= Saima Mohsin =

British journalist (born 1977)

Saima Mohsin (born 1977) is a British journalist and presenter. She has been a Sky News presenter since 2022.

==Early life and education==
Mohsin was born to Pakistani immigrant parents and grew up in South Norwood, London. Her father worked for Croydon Council and ran a mini-mart near Selhurst Park. After her father's death when she was young, Mohsin was raised by her mother with the help of her older siblings. Although from a Muslim background, Mohsin attended a church school.

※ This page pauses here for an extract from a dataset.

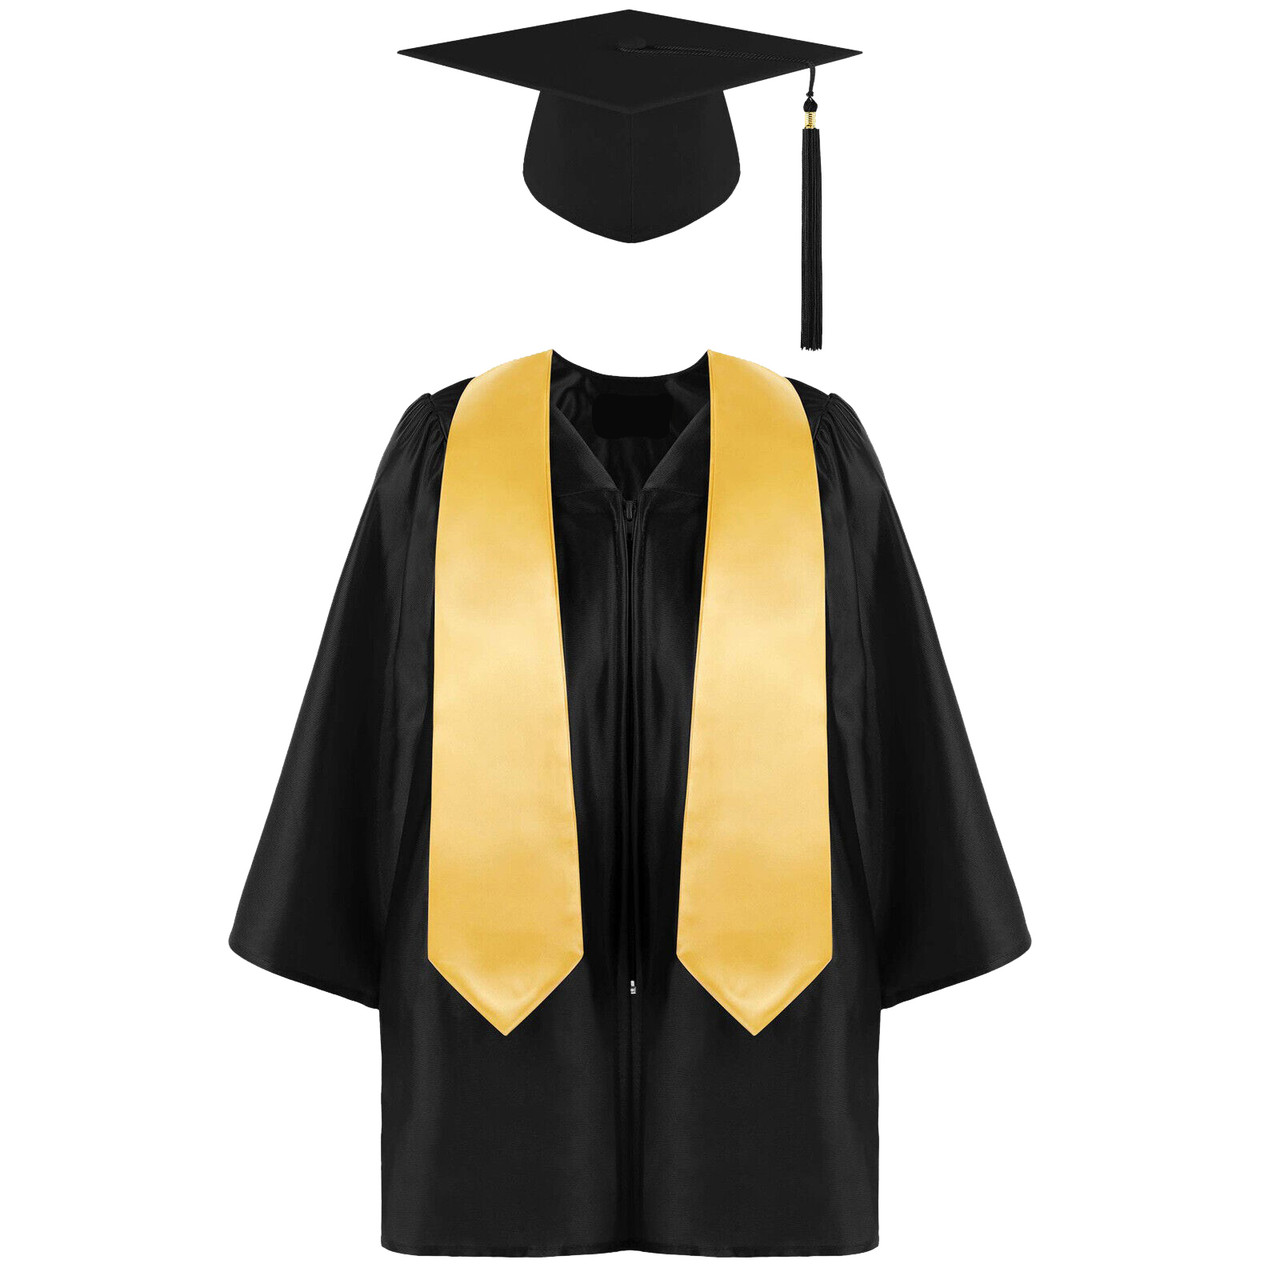 Female Graduates Wear Black Gowns Yellow Stock Photo 2215976983 |  Shutterstock
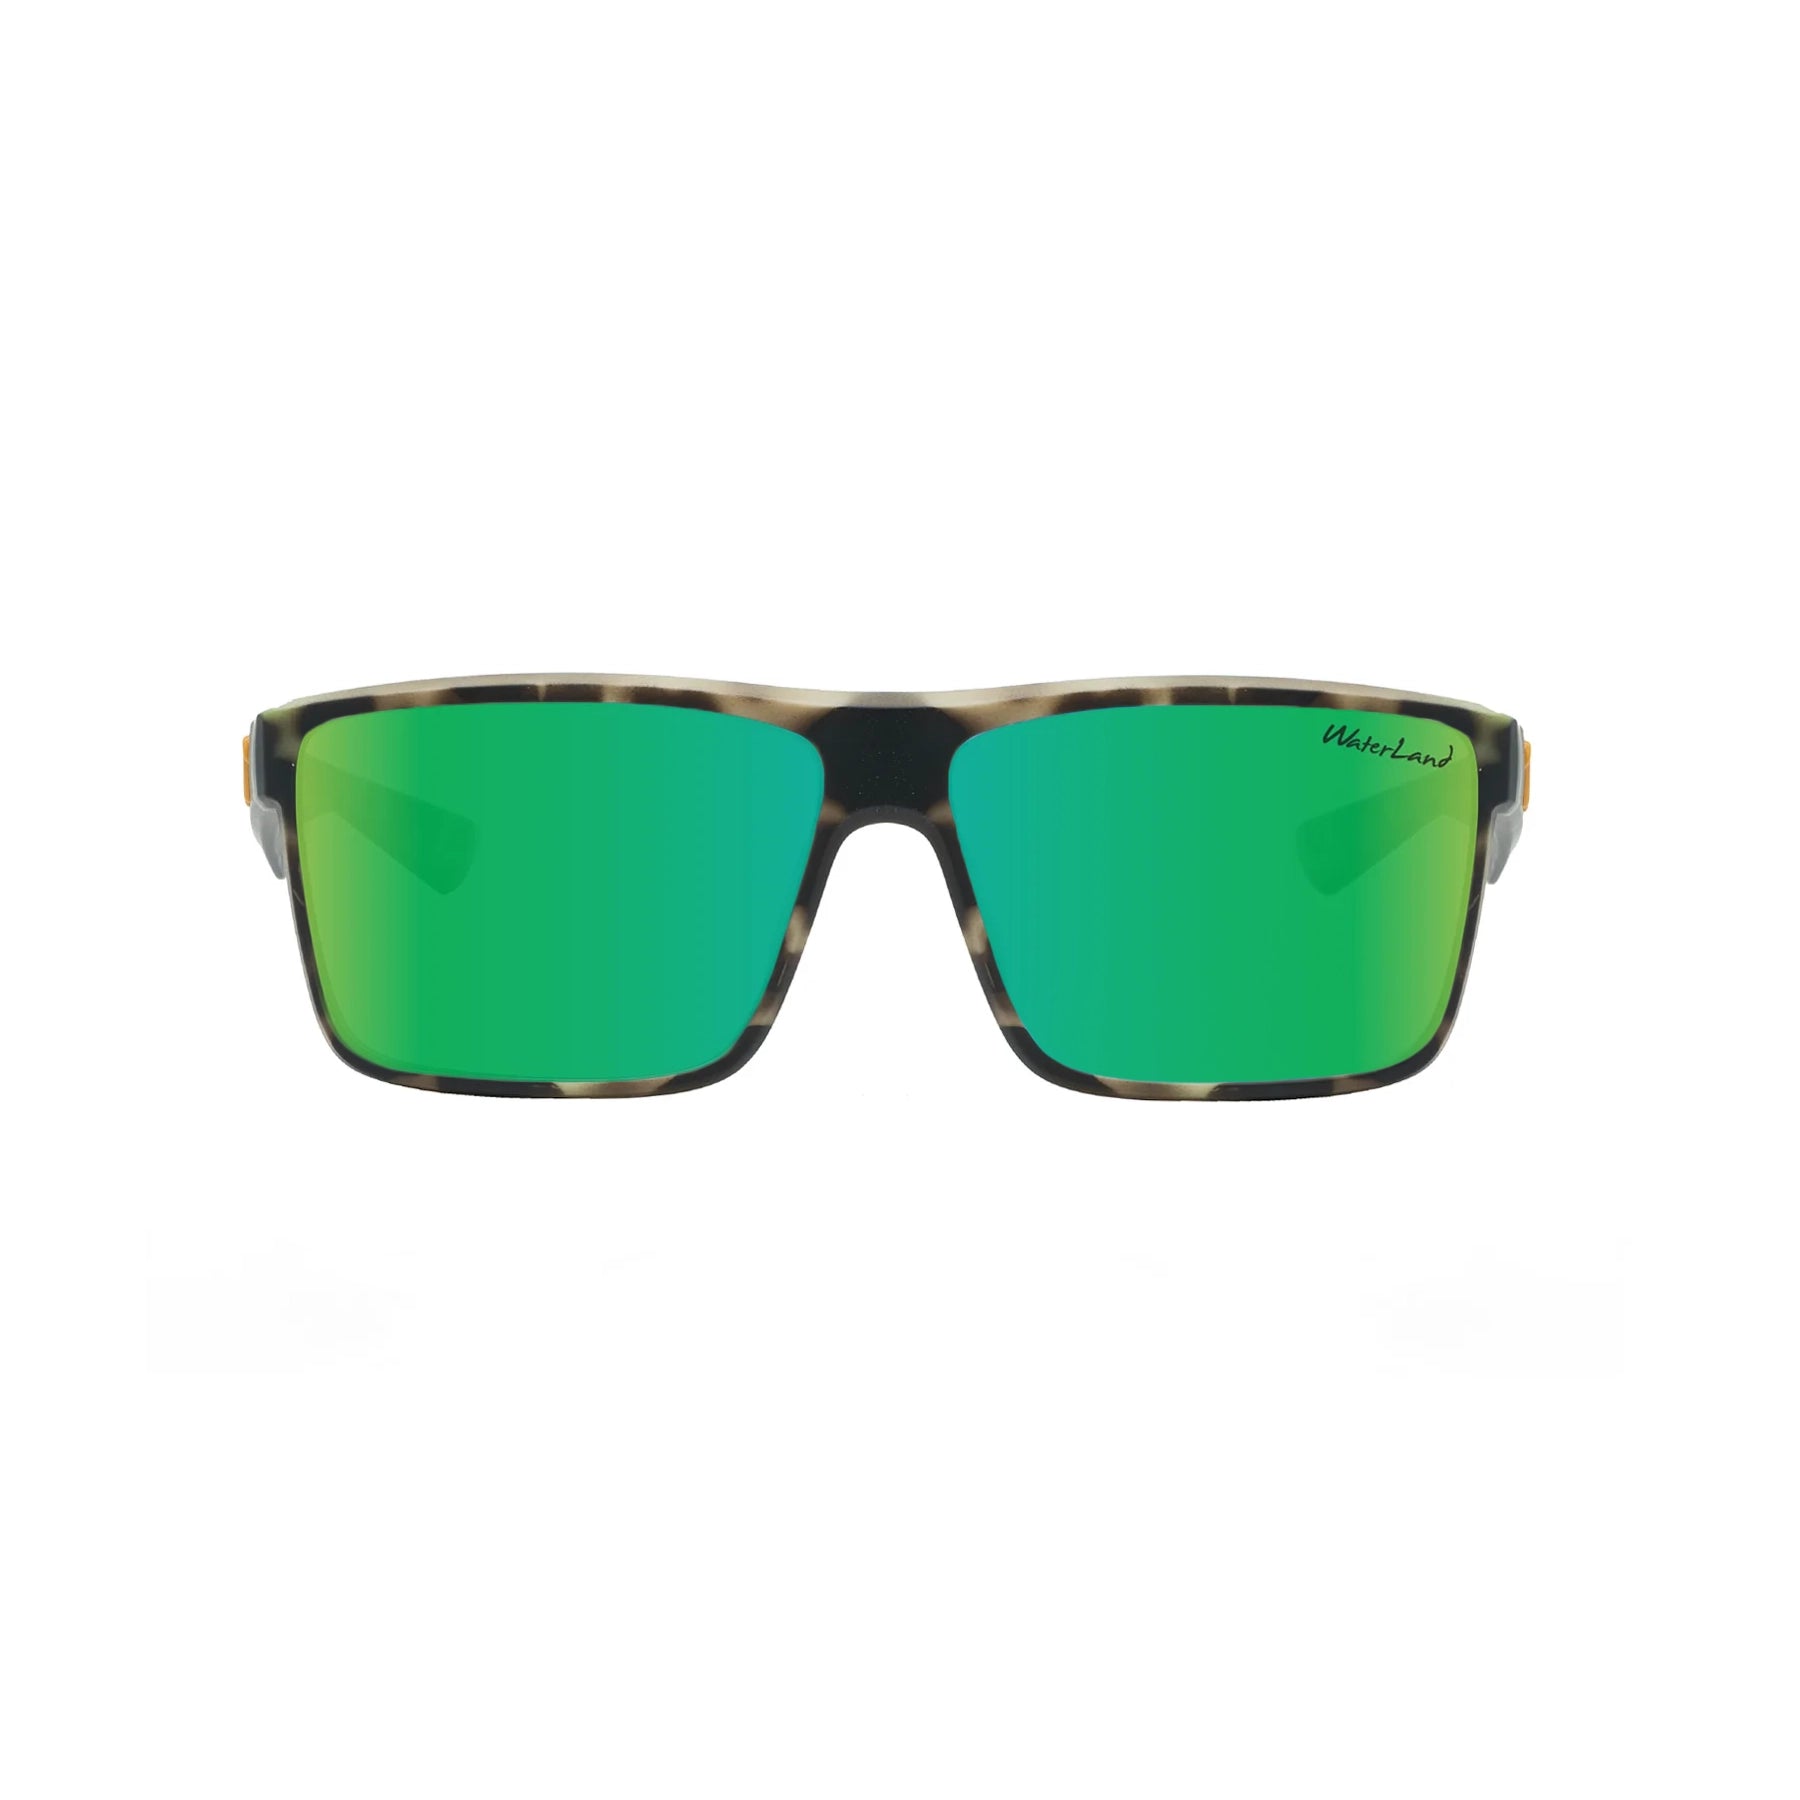 Waterland Hybro Sunglasses Black/Green Mirror

She went on to graduate with a Bachelor of Arts (BA) in Political Science from the University of Birmingham in 1998. She then pursued a postgraduate diploma in broadcast journalism in 1999.

== Career ==
In 2000, Mohsin, gained her first job in television joining ITV Meridian as a producer, and later became a presenter/reporter for the station. In 2002, Mohsin joined BBC Points West as a reporter and presenter. In 2004, she moved to BBC One's Watchdog - the UK's most watched current affairs show - as an investigative reporter on consumer issues.

Mohsin later worked freelance as a newsreader and reporter for BBC News 24, Sky News and ITN. She presented a debate show for Channel 4 on suicide bombings and the future of British Islam following the 7/7 London bombings.

In 2006, Mohsin joined GMTV on which she covered stories around the UK and the world including the plea to free Mirza Tahir Hussain from death row in Pakistan and Glaswegian runaway 12‑year-old Molly Campbell/Misba Rana.

She moved to Pakistan in 2007 to be the face of Dawn News, Pakistan's first English news channel. She presented News Eye, the channel's flagship nightly news programme. She contributes as a special correspondent for PBS NewsHour in the United States as well as ITN and Daybreak in the United Kingdom.

She was Pakistan correspondent in 2013 and later an international correspondent for CNN International until 2017.

In 2023, Mohsin sued CNN for unfair dismissal and racial discrimination after an assignment in Israel that she claimed left her with an “invisible disability". Mohsin claimed her cameraman ran over her foot in a car, causing severe tissue damage that left Mohsin struggling to sit, stand and walk or return to work full-time.